Reputation: 9090
Is there a way to get detailled information about how an OpenCL kernel was compiled on NVidia platforms (or on other platforms). Either external tools or tests that can be put into the kernel. Specifically:
Did vectorization succeed, and how are did the work items get grouped into warps?
If work items inside a work group go into different branches, did the compiler optimize it so that they still execute in parallel?
Did private memory variables get mapped to registers in the multiprocessor, or were they put into local/global memory? (Some architectures have more private memory per work group than local memory)

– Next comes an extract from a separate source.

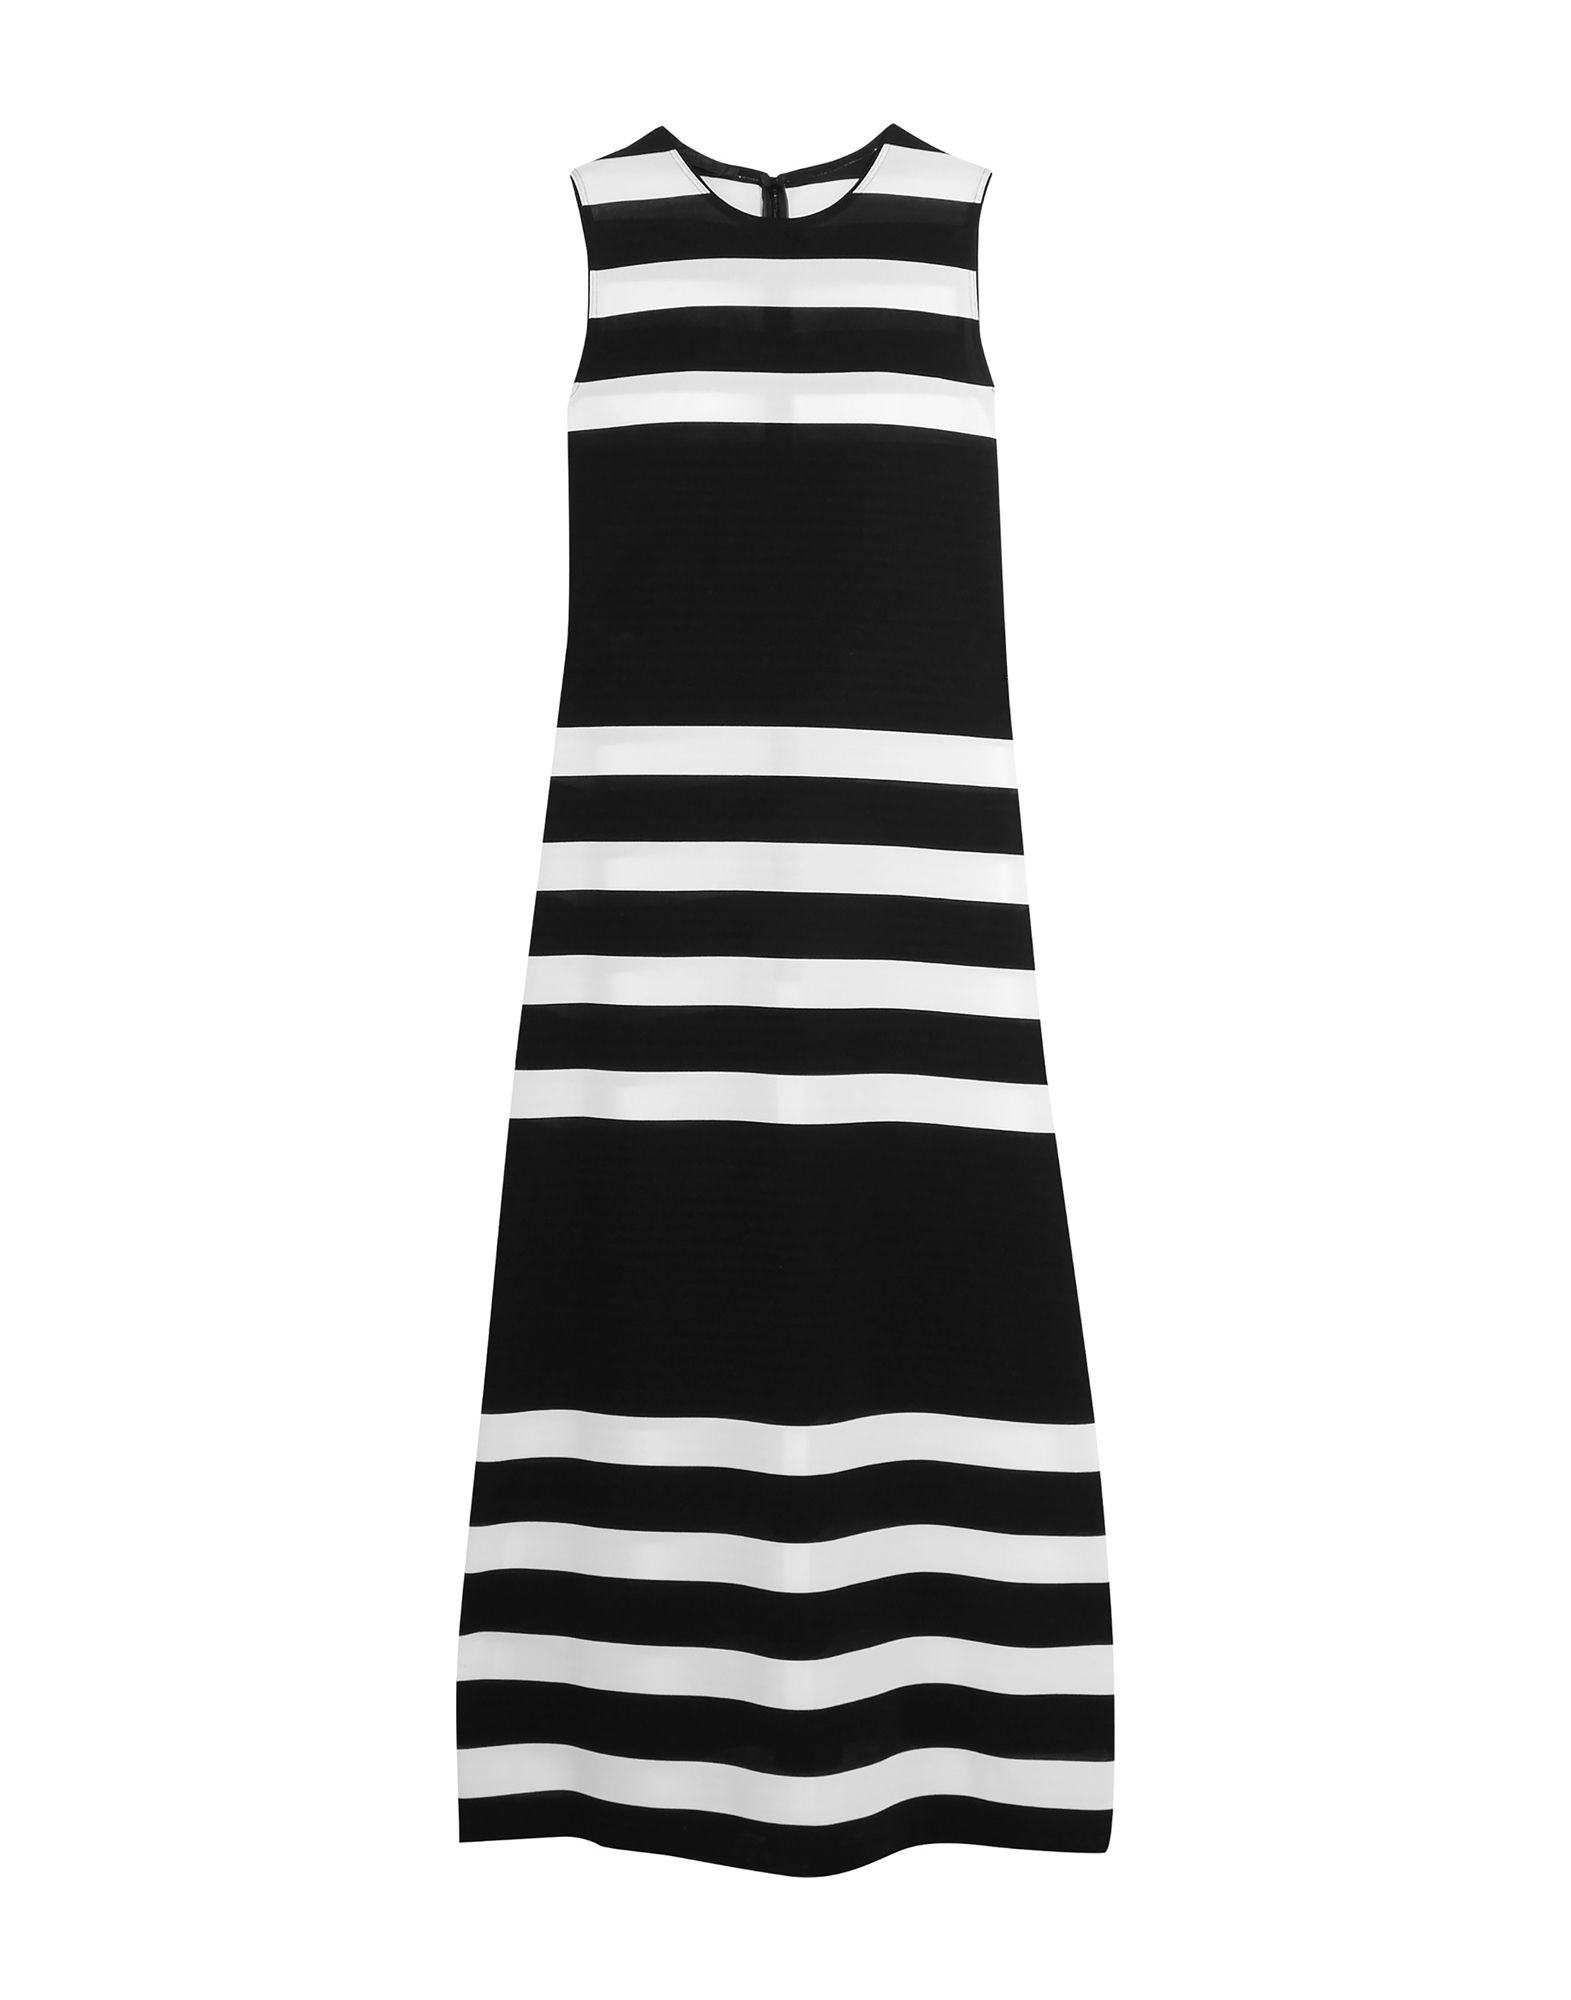 Фото - CALVIN KLEIN COLLECTION Платье длиной 3/4 calvin klein collection юбка длиной 3 4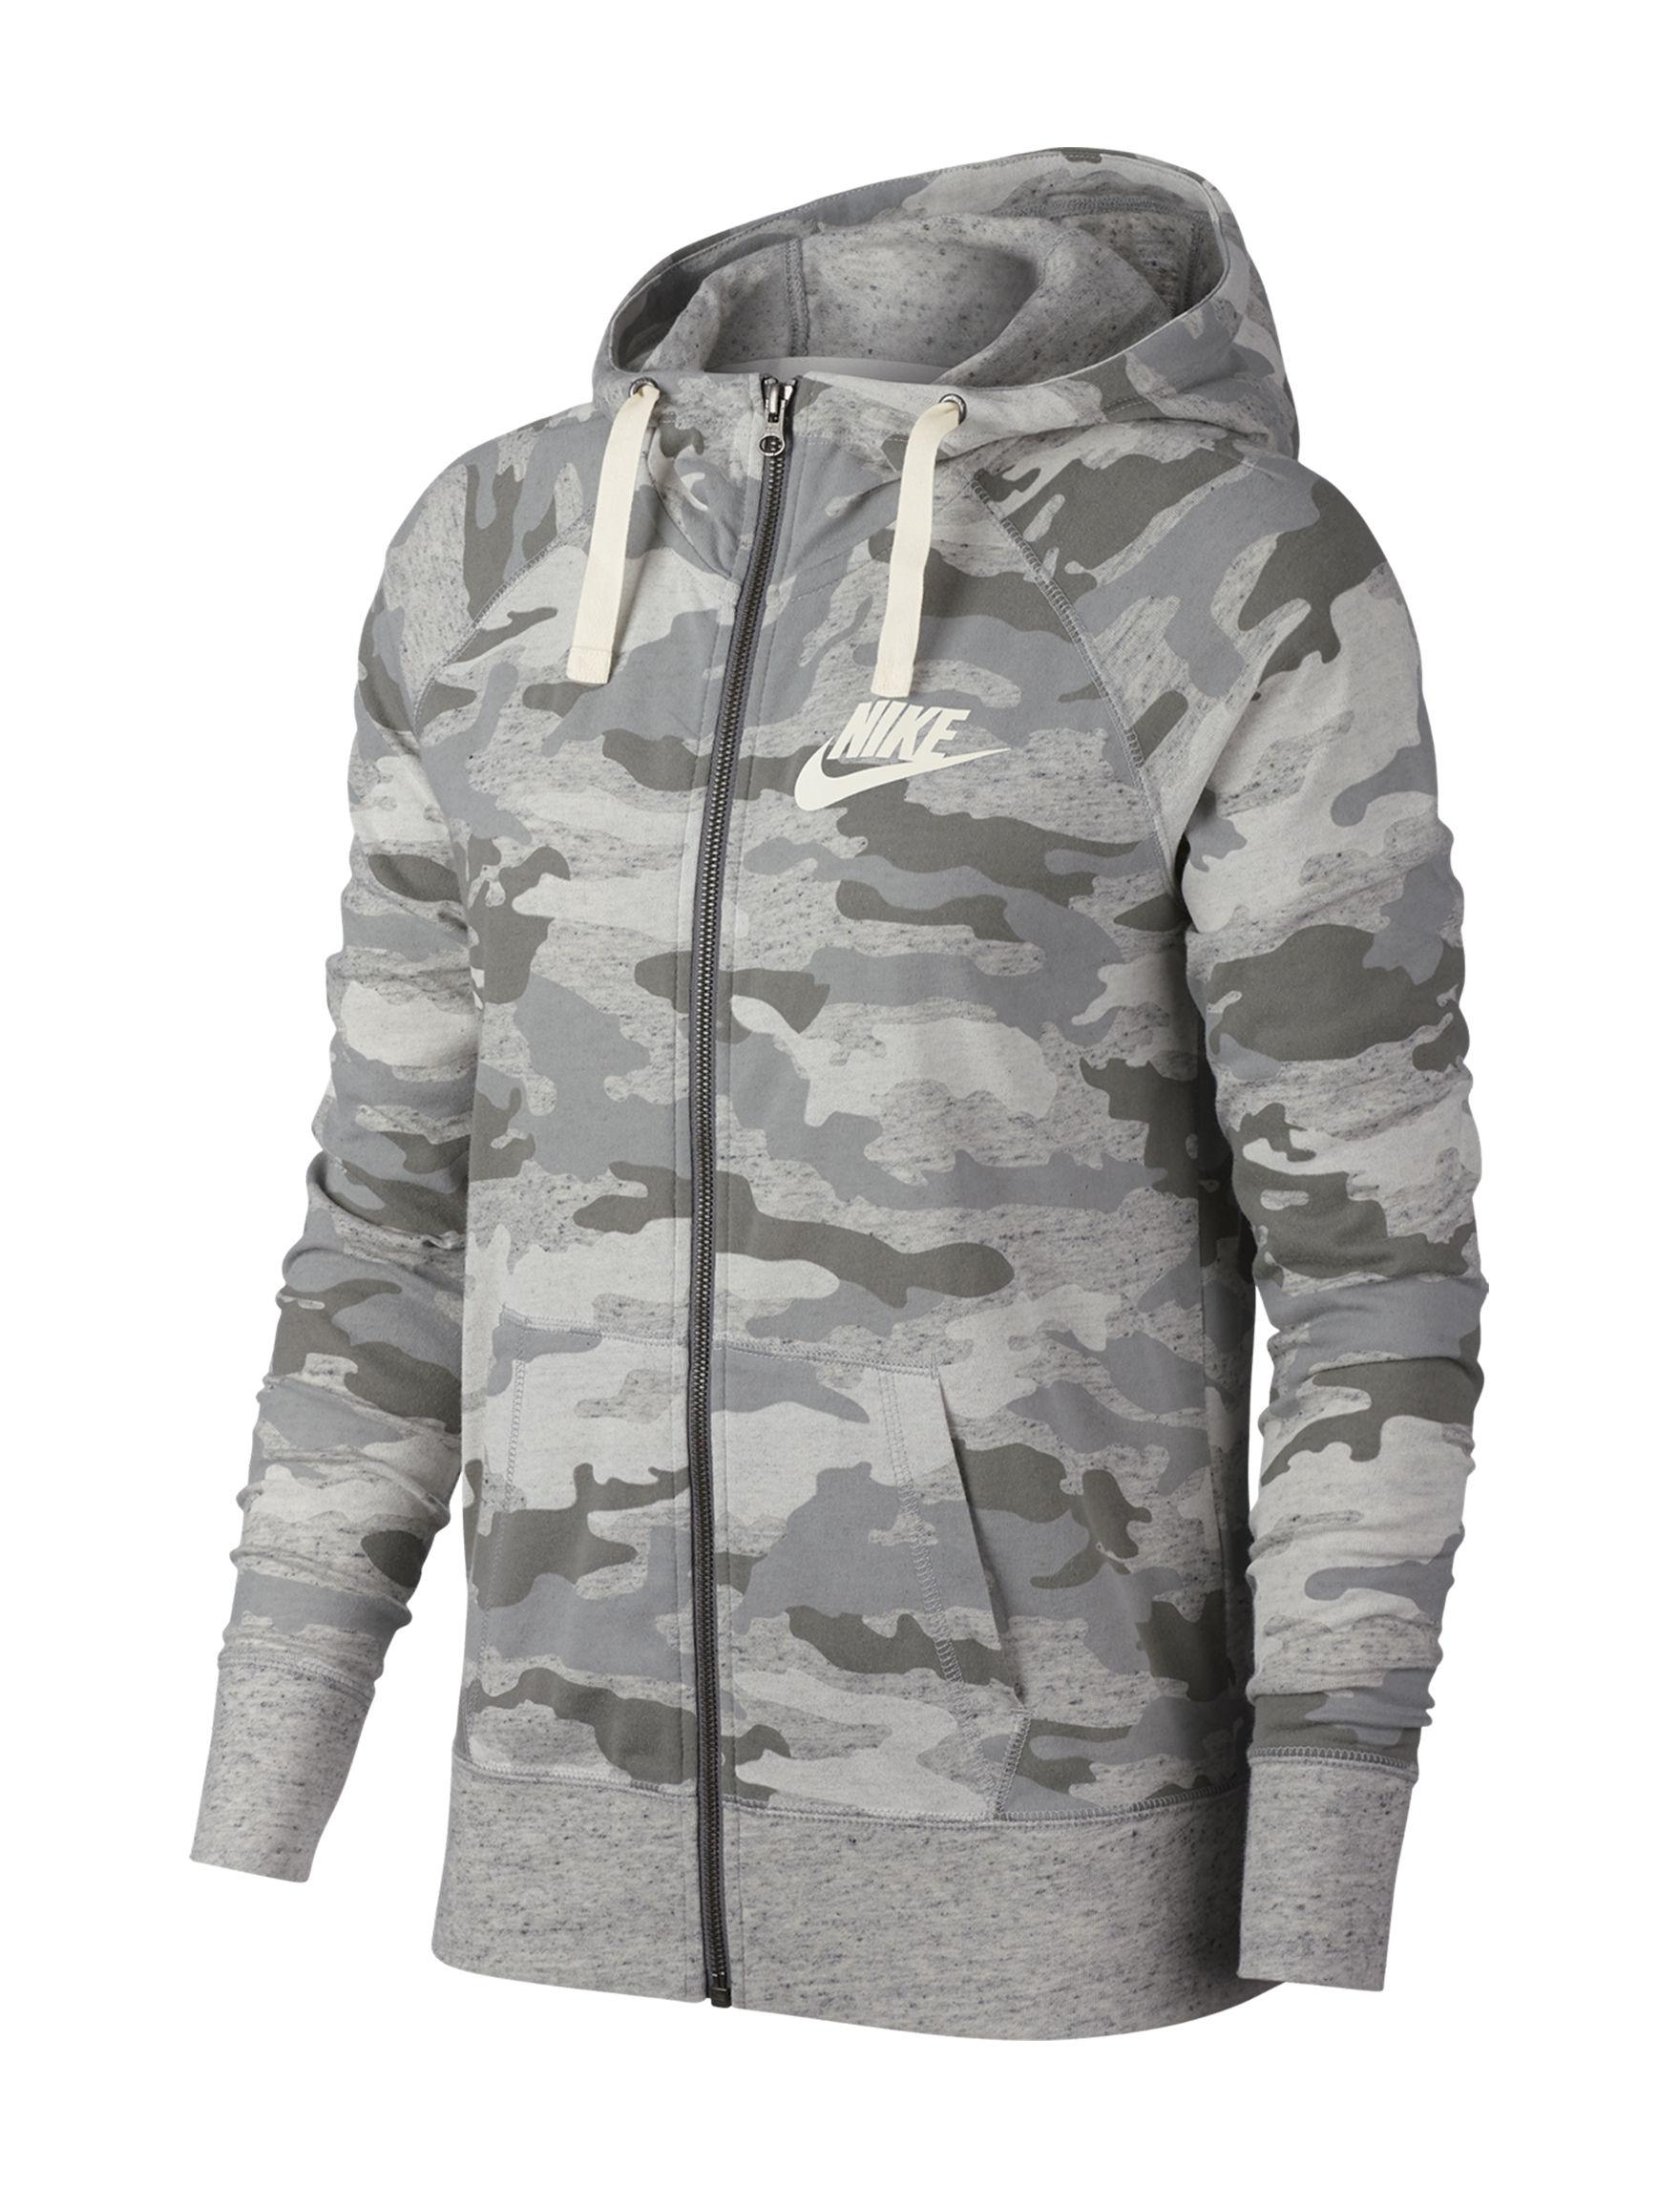 Nike Grey / Multi Active

Can this information be seen in the PTX assembly output, or is this still higher level?
Upvotes: 0
Views: 135
Reputation: 5754
You can always just generate PTX assembly and look into that:
program.build("-cl-fast-relaxed-math");
cout << program.getInfo<CL_PROGRAM_BINARIES>()[0] << endl;
In PTX you see exactly how the compiler translated the OpenCL code. Find the PTX documentation here.
Upvotes: 0
Reputation: 1129
This is all compiler-level metadata; some of those are available through generic OpenCL API but the ones you request are way too low-level. Might be available through some Nvidia OpenCL extension though, i'm not familiar with those. Probably your best bet is finding some tools working on PTX level and feeding it the OpenCL program binaries.
Upvotes: 1